In sixth grade I got a football for Christmas—a white one, because my mother thought white was more feminine than traditional pigskin brown. That same year I got a purse—a brown leather one, ironically enough. It was not large enough to carry my football, so I had about as much use for it as I had for that creepy blue-eyed, hair-plugged baby doll. Gay Clues Number 3 and 4.
Almost every year, one of my standard childhood holiday gifts was being allowed to spend the week between Christmas and New Year’s at my grandparents’ house. For a full week I didn’t have to compete with my five siblings, and would revel in the one-on-one attention my grandmother and grandfather would shower on me. They lived in a very Mayberry-esque little village called Columbiana, a tiny town with about 10 churches and one bar. During the day I would bundle up, pull on my tan mittens with the knit backing and leather palms and make the four-block trek to Cunningham’s Drug Store, where I would read the newest Archie comic book while sipping a chocolate malt at the counter.

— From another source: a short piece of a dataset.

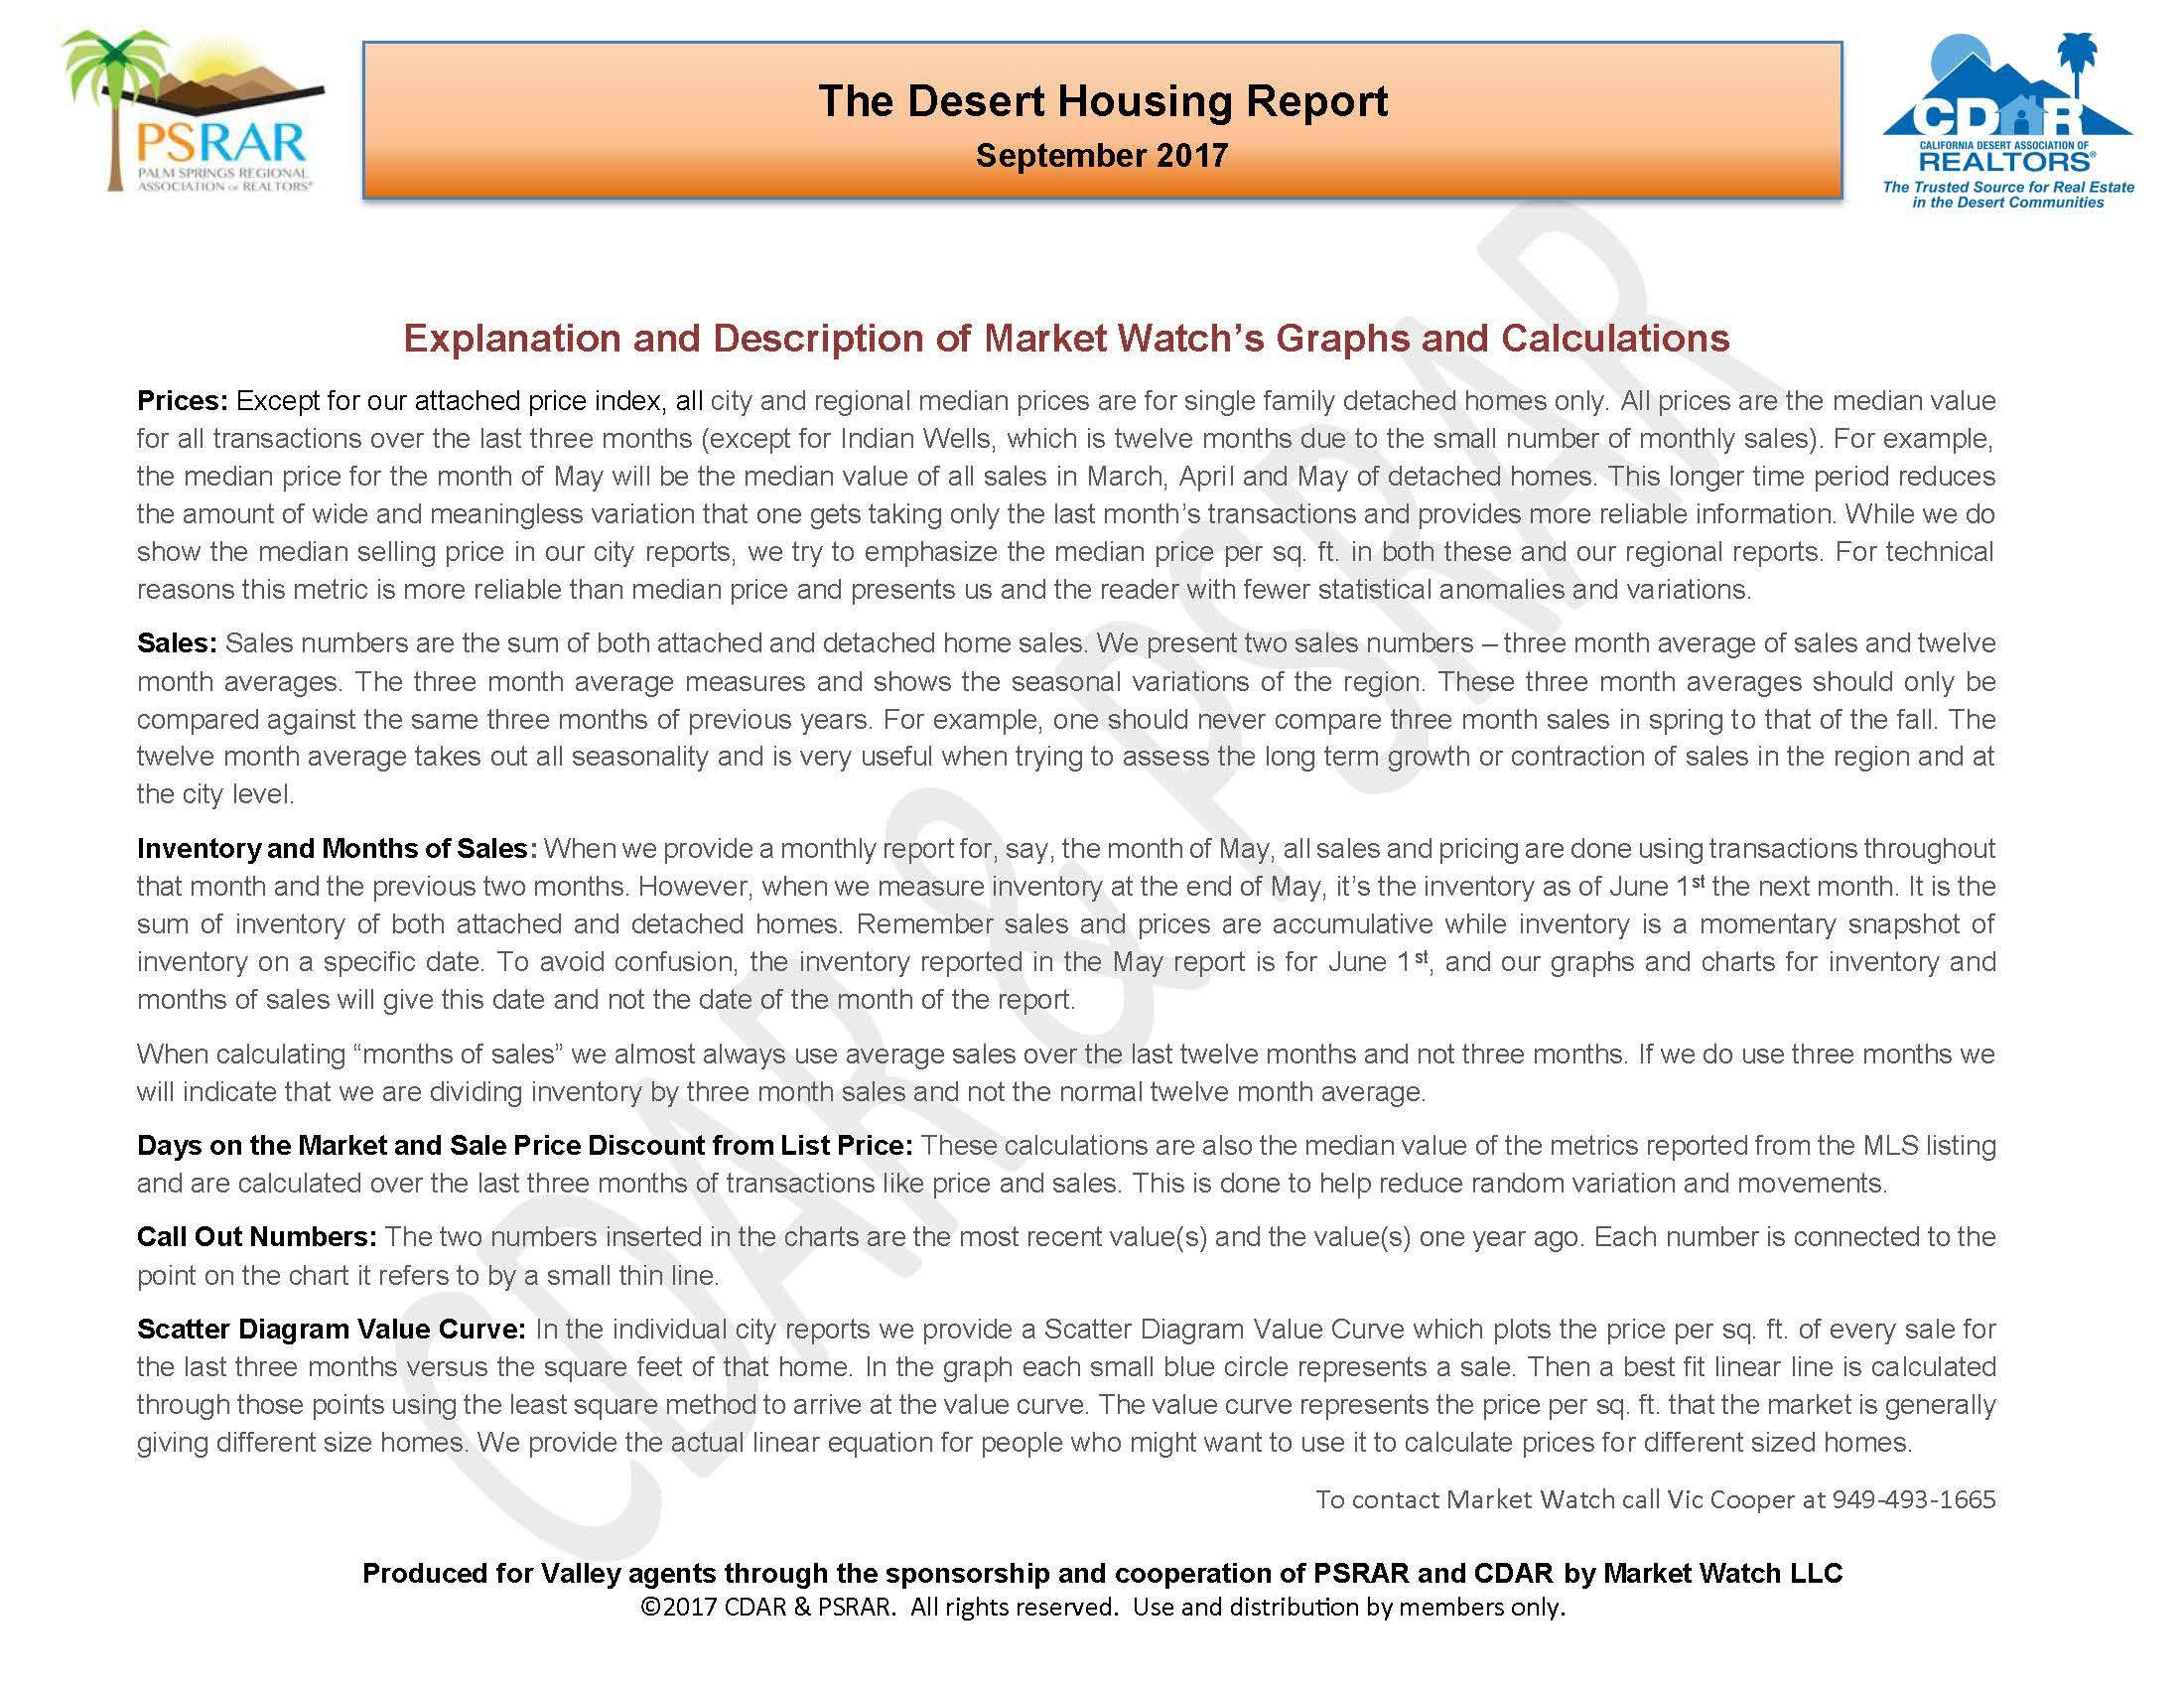 PSRAR & CDAR Monthly Report - Sept 2017_Page_14.jpg

Obviously, I wasn’t kidding about the Mayberry part.
On one of those visits, I recall my grandmother saying the three of us were going out for dinner. I took a bath, got dressed, shook up my grandfather’s can of Barbesol, smeared it on my face, and shaved it off with his Remington razor. Then I shook some of his new Brut aftershave into my little palms and splashed it on my face in prophetic butch fashion, immediately emitting a scream that no doubt the Cunninghams could hear those four blocks away. Gay Clue Number Five.
Another firmly fixed memory is the year I received my first Beatles album, the one called Something New, Something New. It was a gift from my step-grandmother whom we called Aunt Ruth (I know; that confused me, too), who ran a fake fishing worm business out of her basement, kind of an adult version of Mattel’s Creepy Crawlers. While not necessarily a “Gay Clue” per se, the unspeakably unappealing intertwined smells of roast turkey and melting plastic still lingers in my olfactory memory whenever somebody says “Butterball.” It also taught me never to mix fragrances. Which is kind of gay.
My memory mostly fades when trying to recollect Christmas presents I received beyond junior high, with a few exceptions, like the year I received an engagement ring from my husband-to-be. We all know how that story worked out. Maybe if my mother had whipped out that scowling black-and-white Kodak snapshot, she would have saved us all a lot of time and trouble.
Today, most of my gift-giving and -getting has turned to the practical: gift cards, nights out on the town—all for which I’m extremely grateful. The best Christmas gift I could possibly receive is for my friends and family to be happy and healthy.
Oh yes, and peace on earth. Nothing gay about that.